**Information shown**
++++++++++

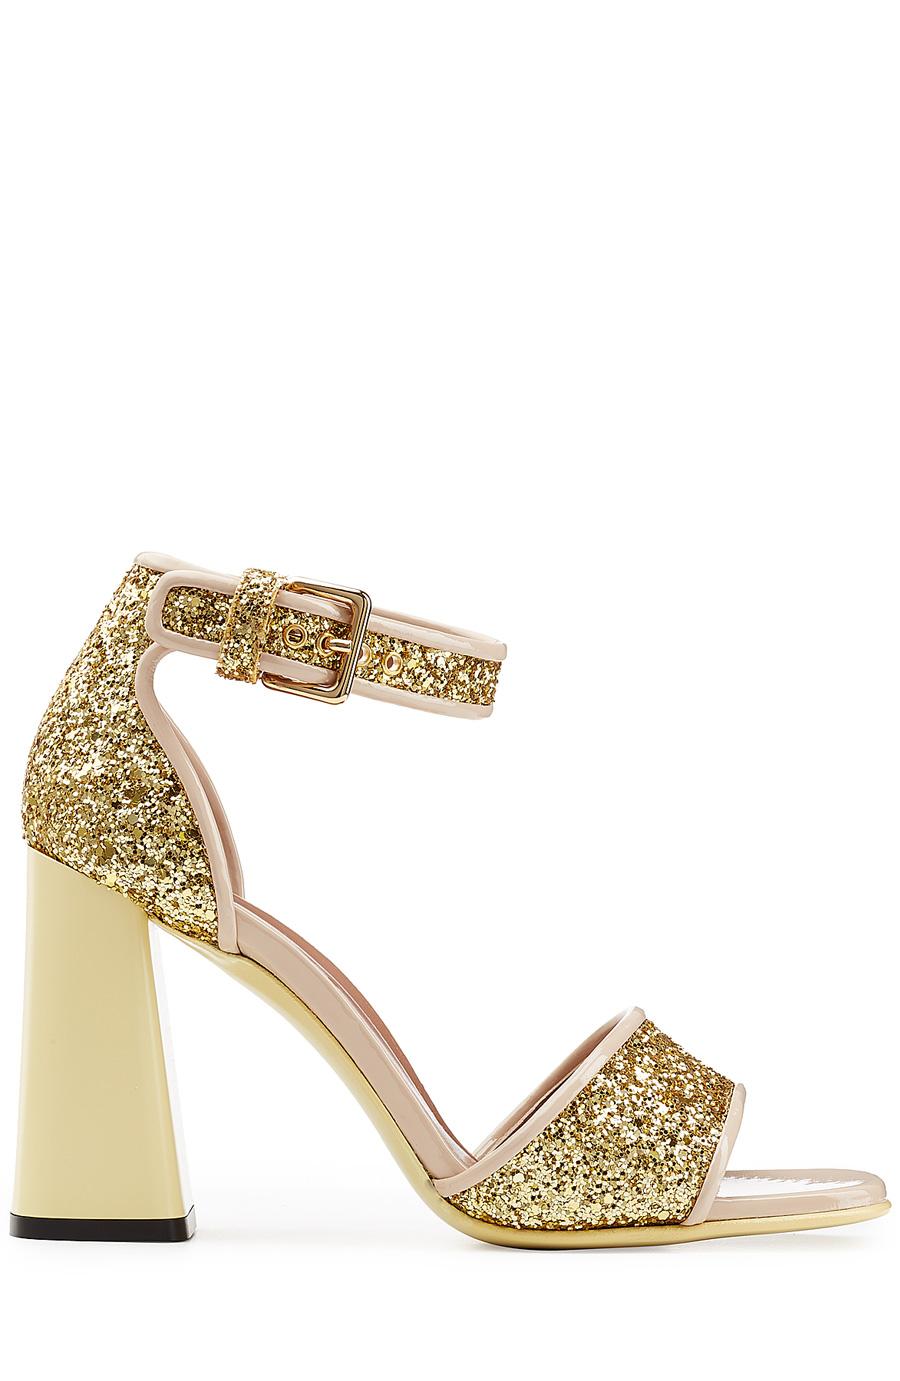 Marni Glitter High Heel Sandals In Gold
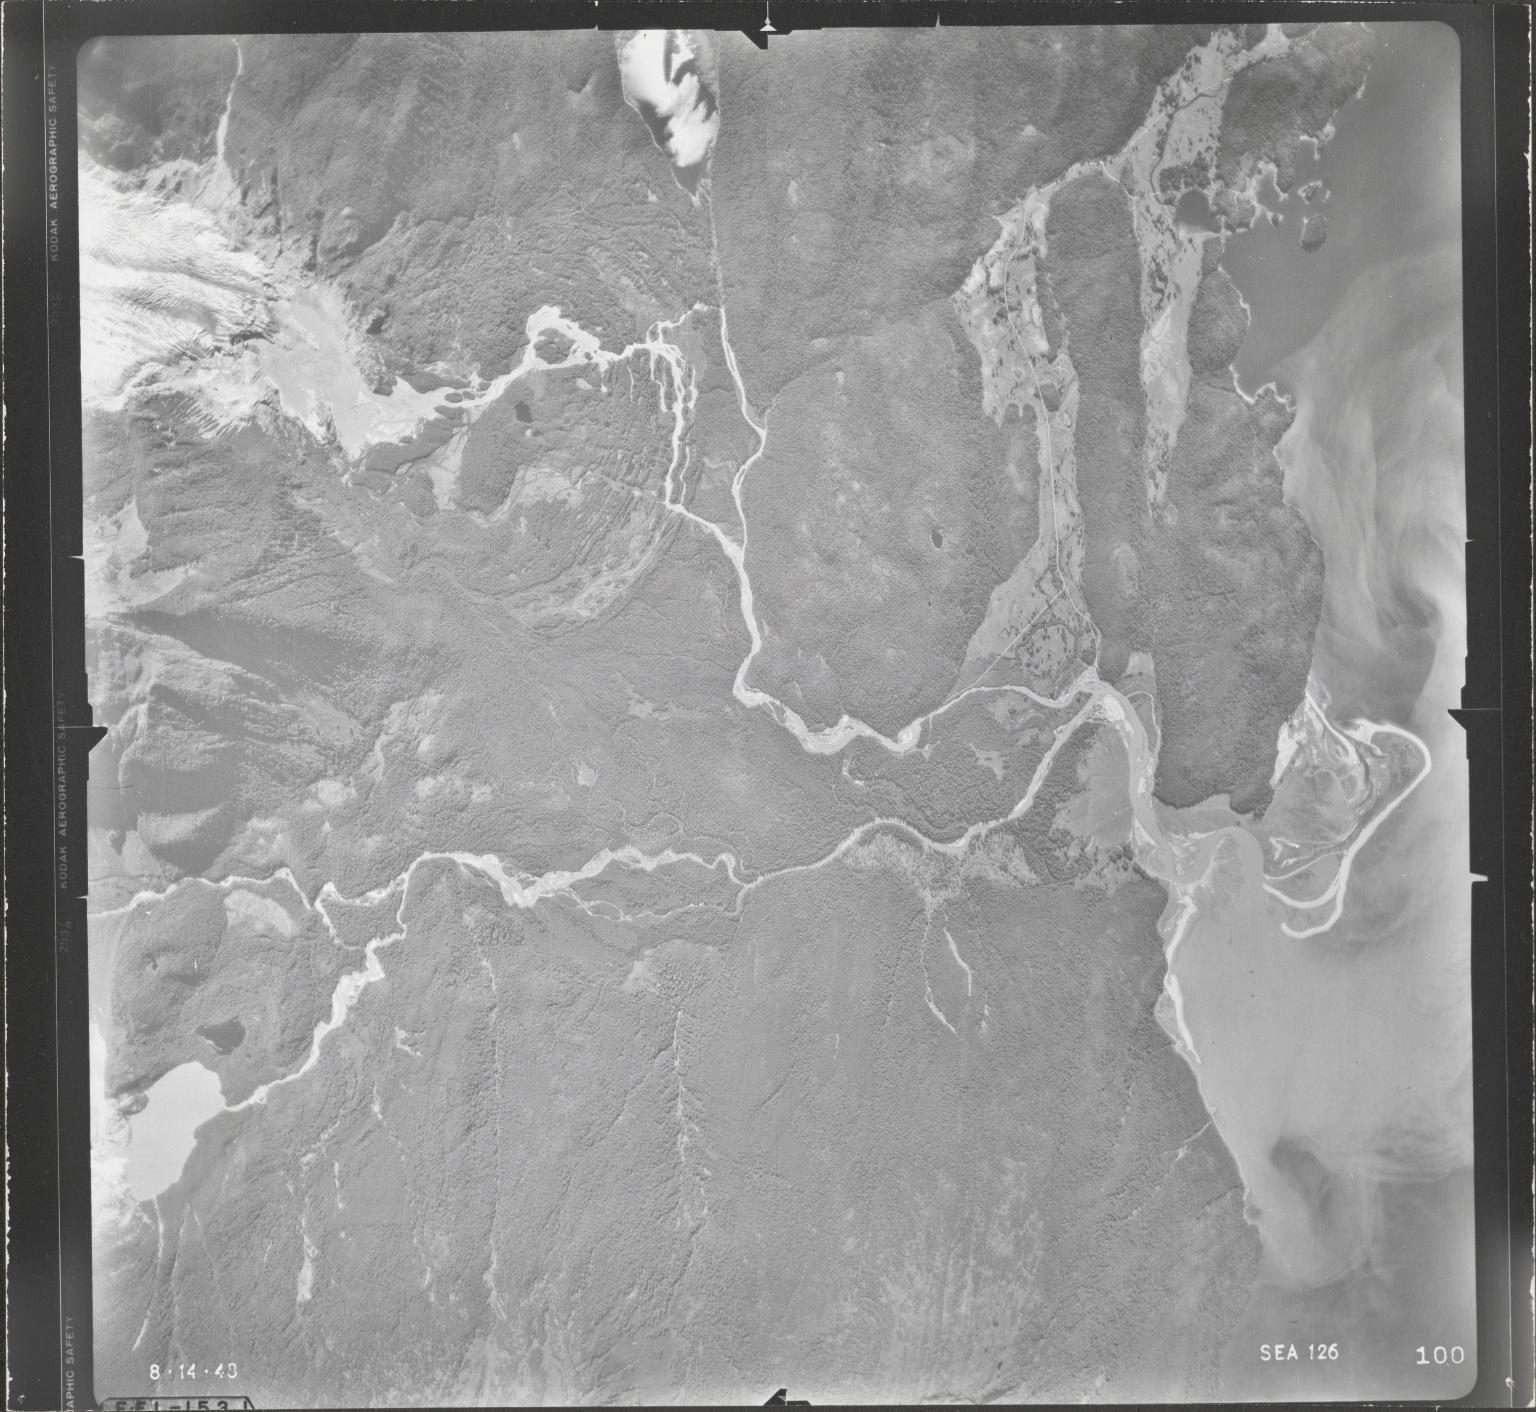 Herbert Glacier and Eagle Glacier, aerial photograph SEA 126 100, Alaska
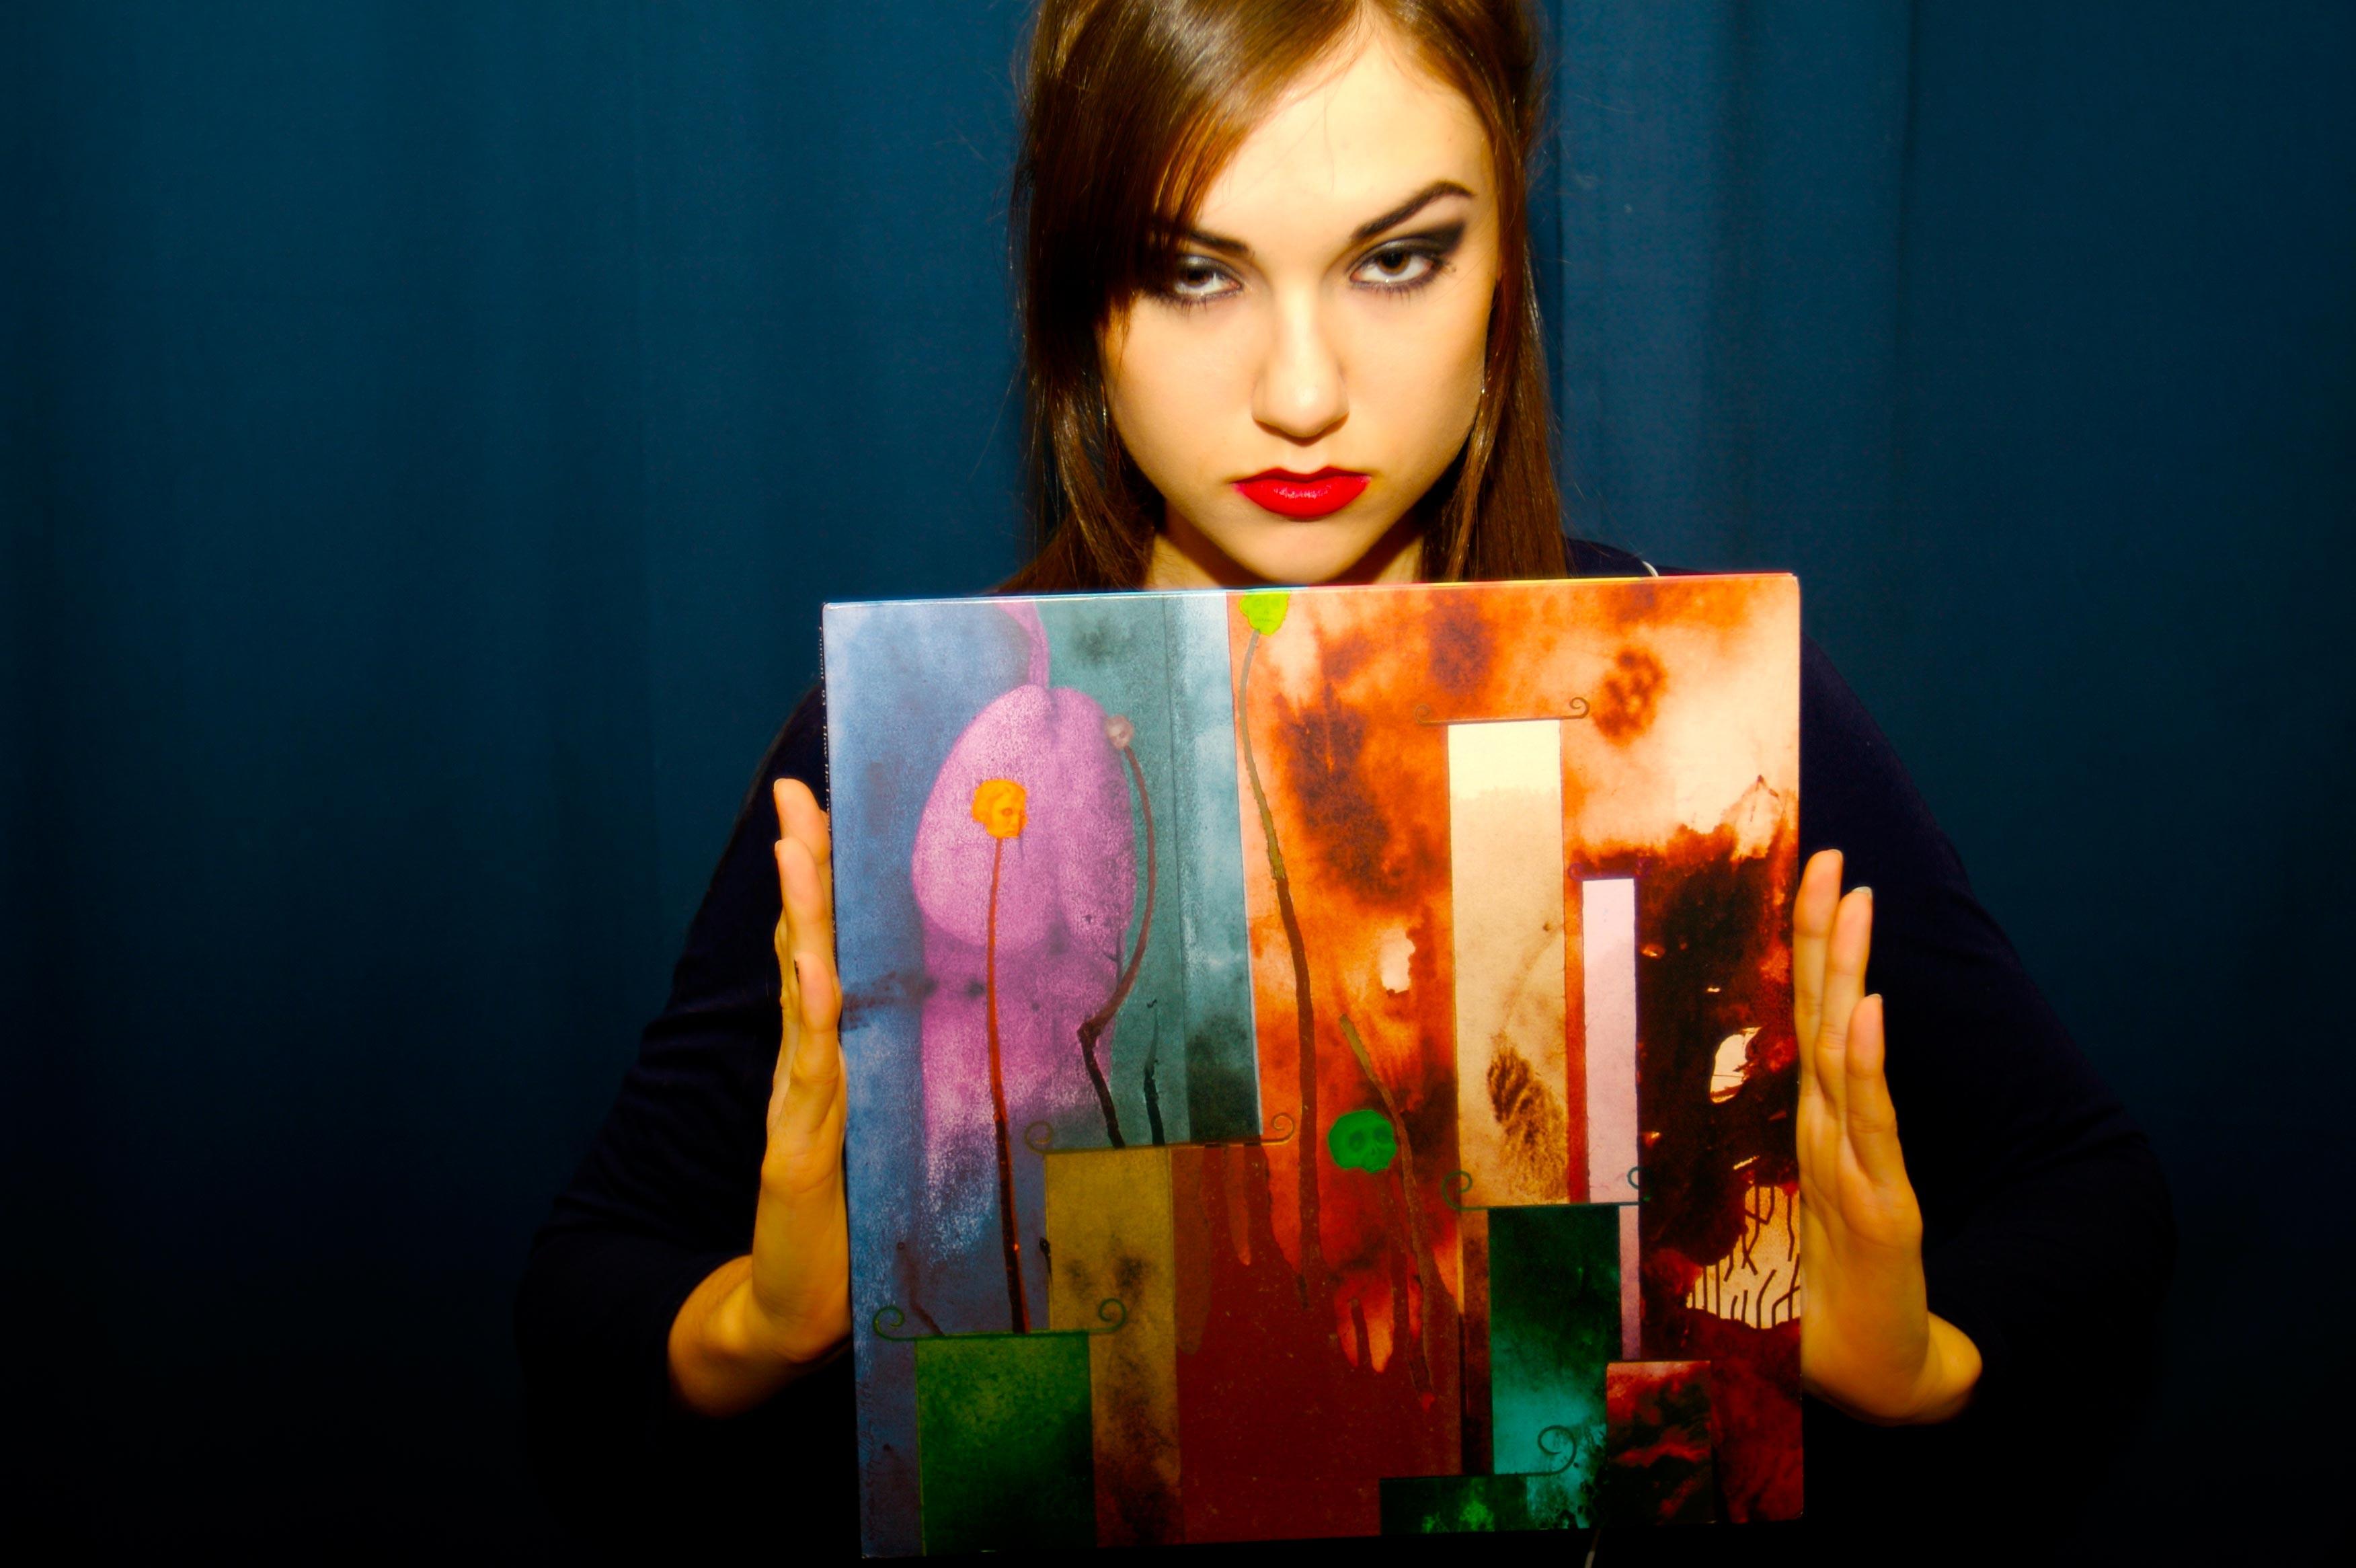 Wallpapers de Sasha Grey en HD [Muy Buenos] - Taringa!

++++++++++

From the first line to the last, retype the data exactly, but omit every image.

 Marni Glitter High Heel Sandals In Gold
 Herbert Glacier and Eagle Glacier, aerial photograph SEA 126 100, Alaska
 Wallpapers de Sasha Grey en HD [Muy Buenos] - Taringa!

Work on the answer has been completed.